Genellikle her grubun içerisinde daima bahane peşinde olan ve her türlü olumlu işin yapılmasını önlemeye çalışan bir avuç insan vardır. Abdülmuttalib'in rakipleri de, bu iftiharın ona nasip olmaması için Abdülmuttalib'e itiraz ederek  "Ey Kureyş'in büyüğü dediler, bu kuyu Ceddi'miz Hz. İsmail ( a.s. )'in hatırasıdır.

Bizim hepimiz de onun evlatlarıyız. Bu yüzden hepimiz bu işe katılmalıyız. "Abdulmuttalib bazı nedenlerden dolayı önerilerini kabul etmedi. Çünkü Abdulmuttalib, tek başına kuyuyu açarsa suyu bedava olarak umumnun yararlanmasına bırakacak ve Allah'ın evine ziyarete gelenlerin sularını temin edilmesini sağlacaktı. Bu da, hiç bir kimse karışmadan tek başına bu işi yaptığı takdirde mümkün ancak."

Sonunda anlaşmayınca, kahin denilen Arab bilginlerinden birinin yanına gidip :" O ne derse kabul edeceğiz" diye kararlaştırdılar. Abdulmuttalib ve Rahipleri,Hicaz ve Şam arasında ki sussuz ve bitkisız çöllere koyuldular.
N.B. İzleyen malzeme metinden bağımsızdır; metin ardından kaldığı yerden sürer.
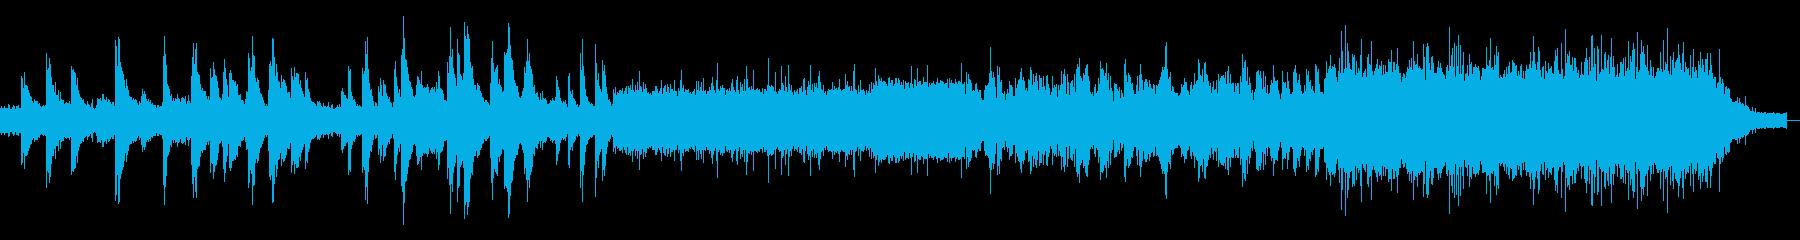 アート音楽 ピアノ 環境音 ジャズなど の再生済みの波形

Yolun yarısında oldukça susadılar. Artık hayatlarının son dakikalarını geçirmekteydiler. Bu yüzden ölümlerini ve nasıl gömüleceklerini düşünüyorlardı. Abdulmuttalib : "Herkes kendisi için bir kabir kazsın. Öldüğü zaman kalanlar onu gömsün. Eğer susuzluk devam eder ve hepimiz ölürsek, en sonda öleninimizden başka hepimizi toprağın altına gömülmüş olur, yırtıcılar hayvanlara ve kuşlara yem olmayız "diyerek görüşünü açıkladı.
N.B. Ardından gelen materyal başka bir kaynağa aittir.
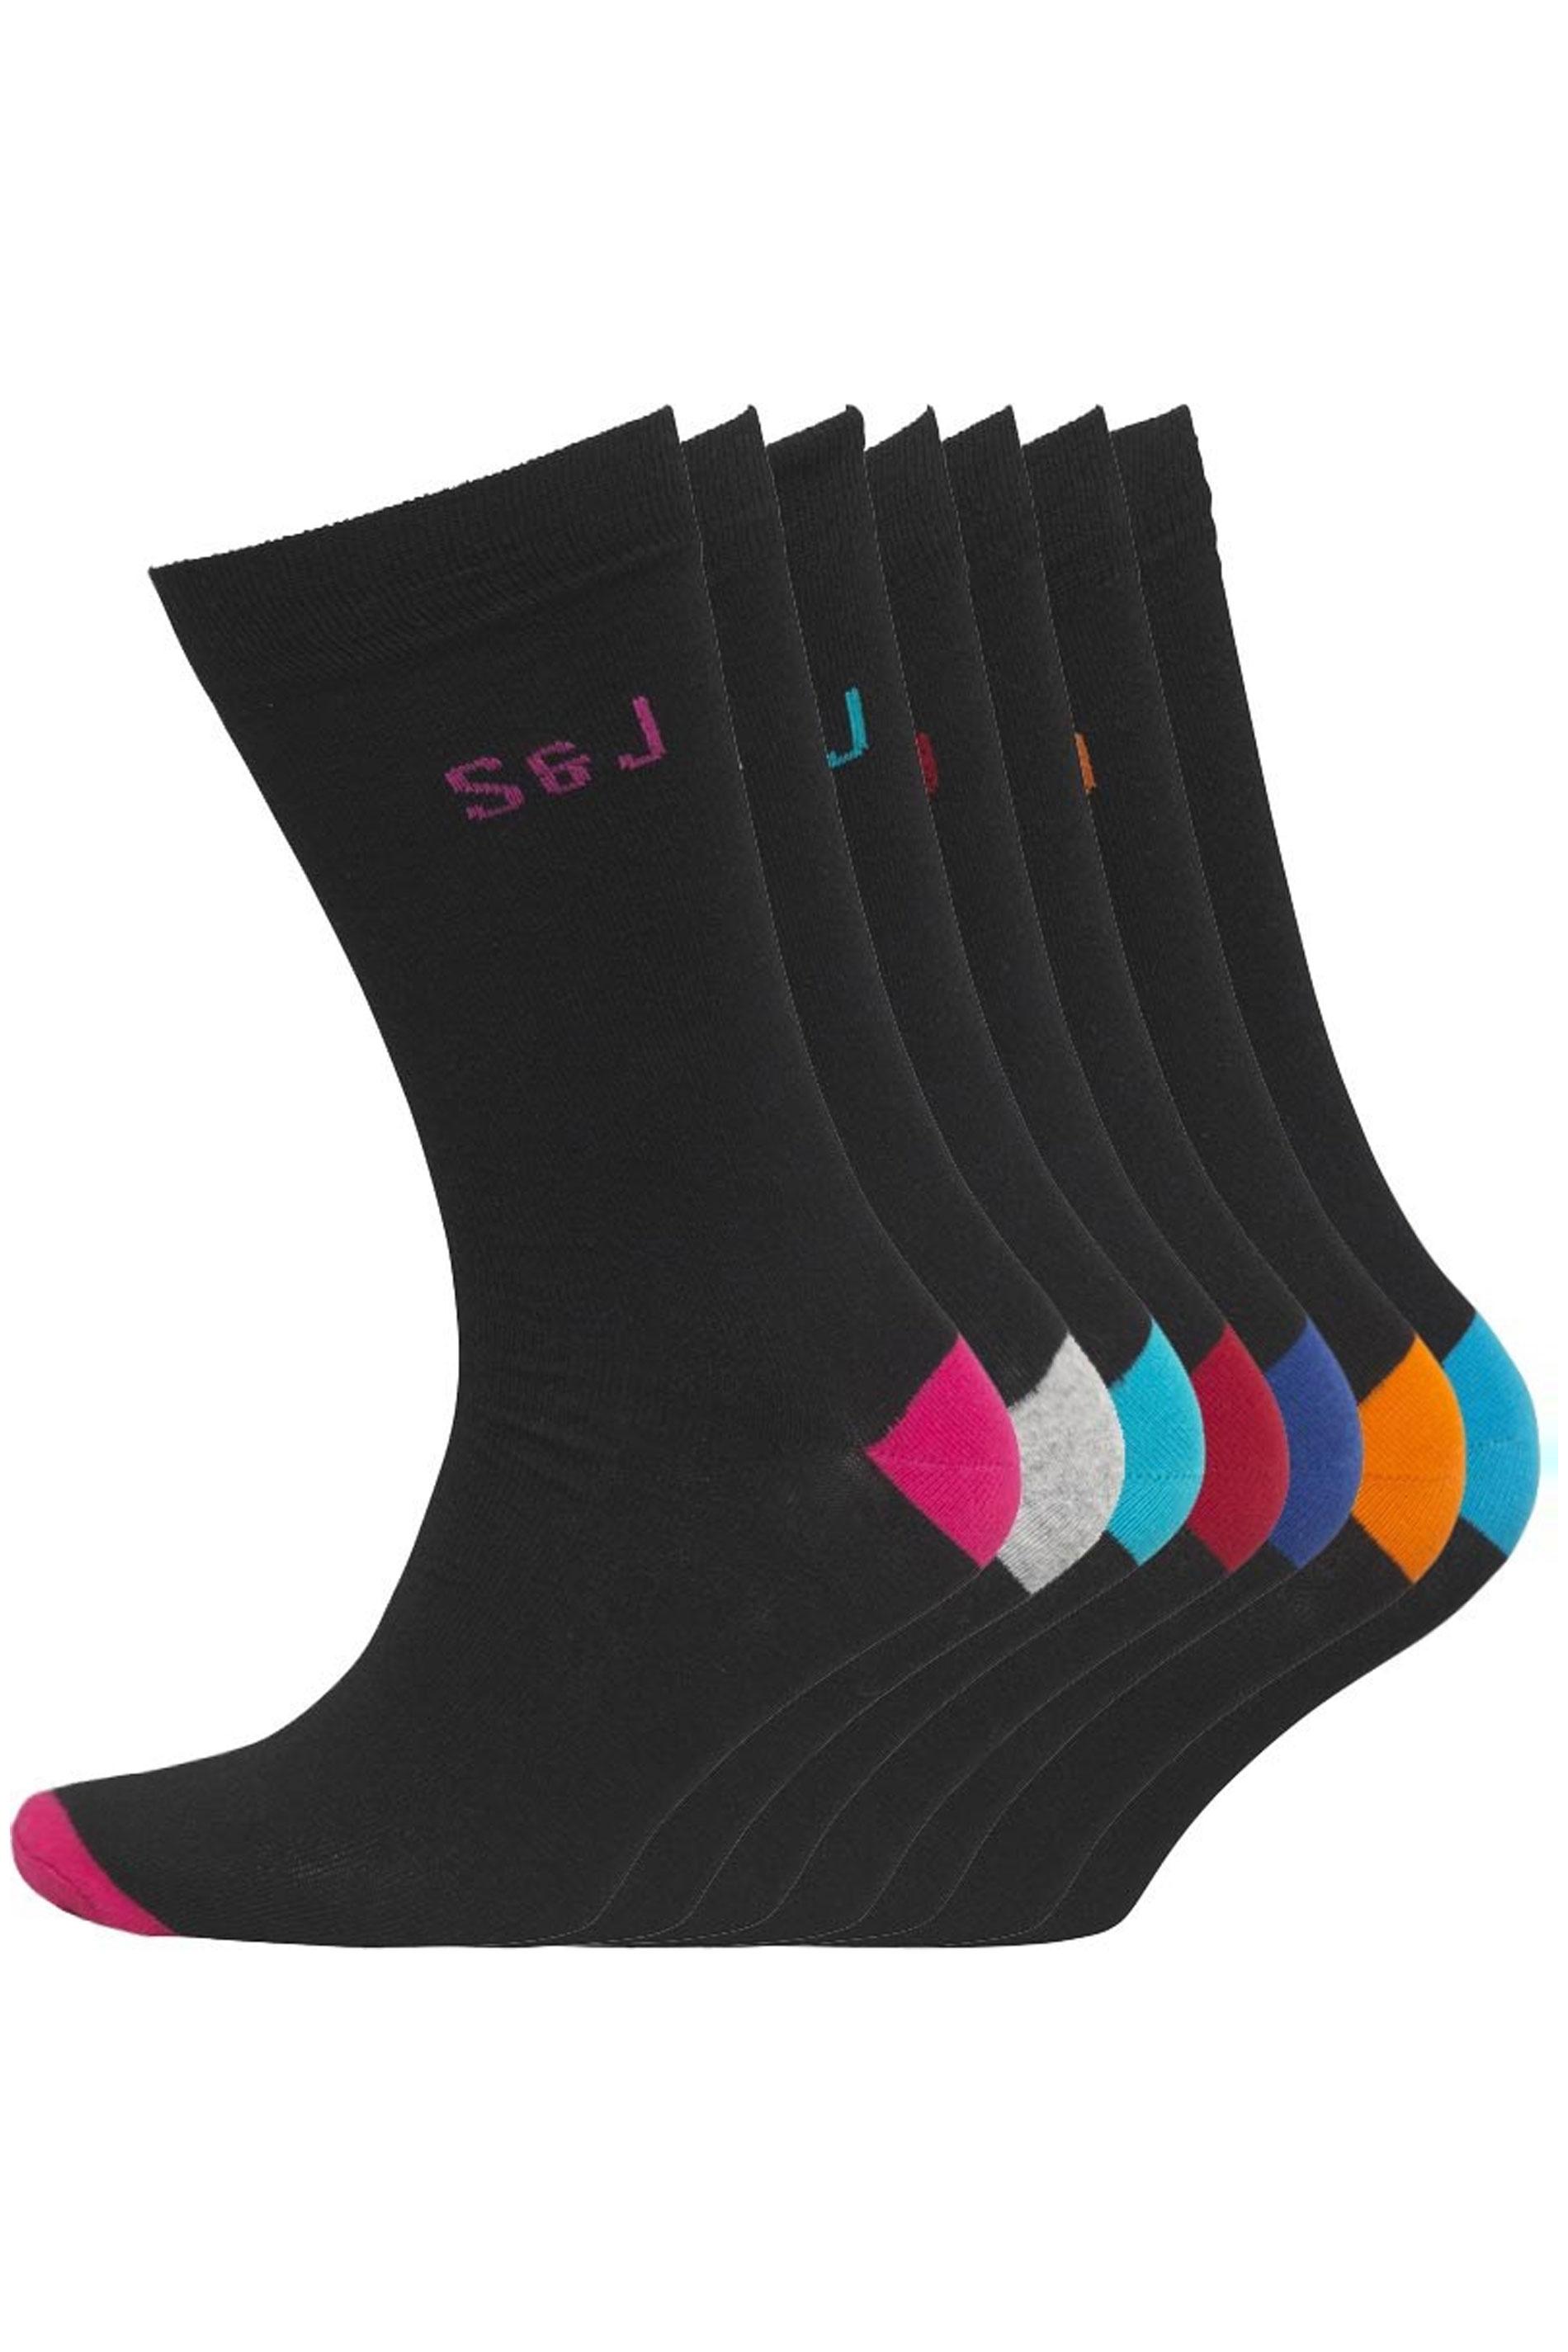 SMITH & JONES Multi Balerno Socks 7 Pack

Abdulmuttalib'in görüşünü beğendiler. Herkes kendisi için bir kabir kazdı ve sararmış yüzleriyle ölümü beklemeye koyuldular. Fakat birden Abdulmuttalib seslendi : "Ey millet ! Böyle ölmek zilletle ölmektir. En iyisi, hepimiz bir arada çöle su arayalım. Belki Allah'ın lütfü halimize şamil olur."
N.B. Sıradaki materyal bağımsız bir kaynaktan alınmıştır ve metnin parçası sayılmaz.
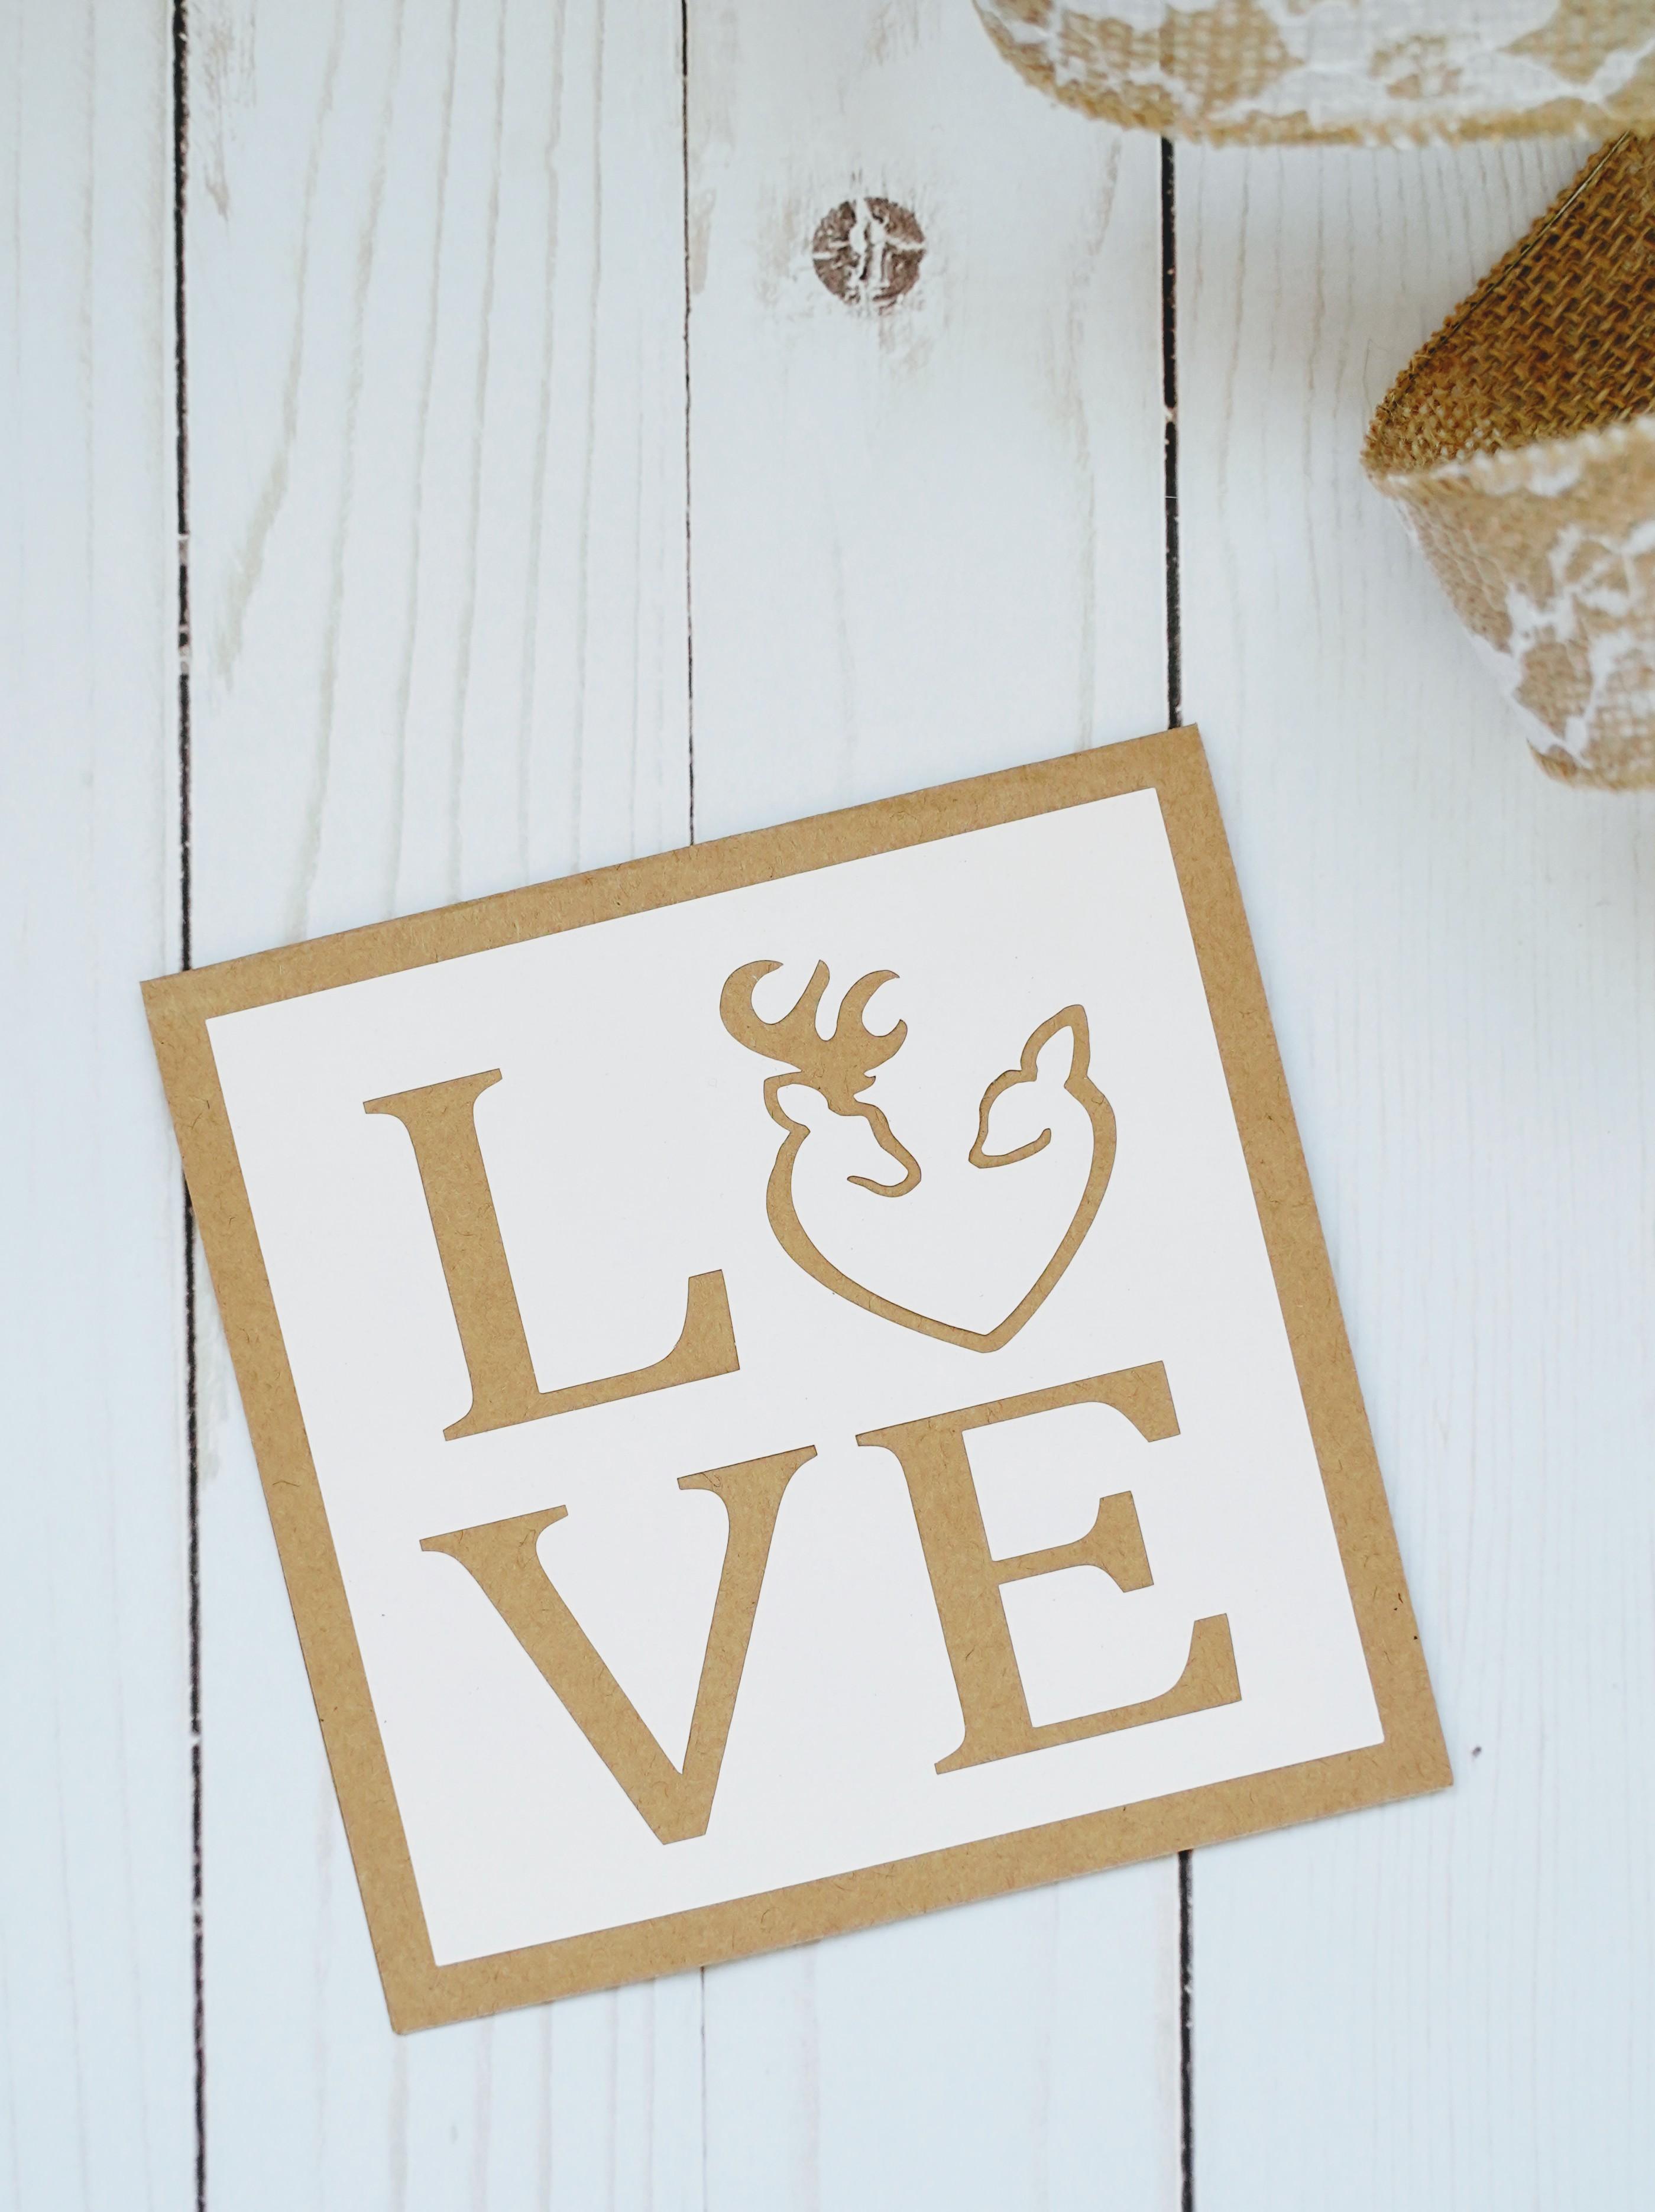 diy love cards  cricut card ideas  domestic heights

Hepsi bineklerine binerek yola düştüler.

Çok sürmeden tatlı bir su buldular ve böylece ölümden kurtuldular. Ondan sonra geldikleri yoldan Mekke'ye dönüp Zemzem kuyusunu açmakta Abulmuttalib'in görüşünü kabul etiler ve onu bu hususta hür bıraktılar. ( Kaynak : Tarih-i Yakub-i c. 1, Sayfa 206 ve Sire-i İbn-i Hişam, c. 1 s. 45. )

Abdulmuttalib biricik oğlu Haris ile birlikte kuyu açmaya başladı. Epey kazdıktan sonra iki altın geyik ve bir kaç tane kılıçla karşılaştılar. Kureyş, tekrar yeni bir velvele çıkardı. Kendilerini bu hazineye ortak bildiler. Aralarında kur'a çekilmesini kabul ettiler. Çekim sonucu, iki altın geyik Kabe'ye, kılıçlar da Abdulmuttalib'e yetişti. Kureyş hiçbir şey alamadı. Fakat Abdulmuttalib çok cömertti. O kılıçlardan Kabe'ye bir kapı yapıp, geyikleri de o kapıya nasbeti...

İslam tarih bilimclerinin ön yargılarına düşmeden İslam tarihçilerinin kendilerince baş sayfalarda oturttukları tarih yazarlarından olan " Siyer İbn İshak " mukavvatınta bu konular hakında şöyle bir değerlendirme bulunmaktadır.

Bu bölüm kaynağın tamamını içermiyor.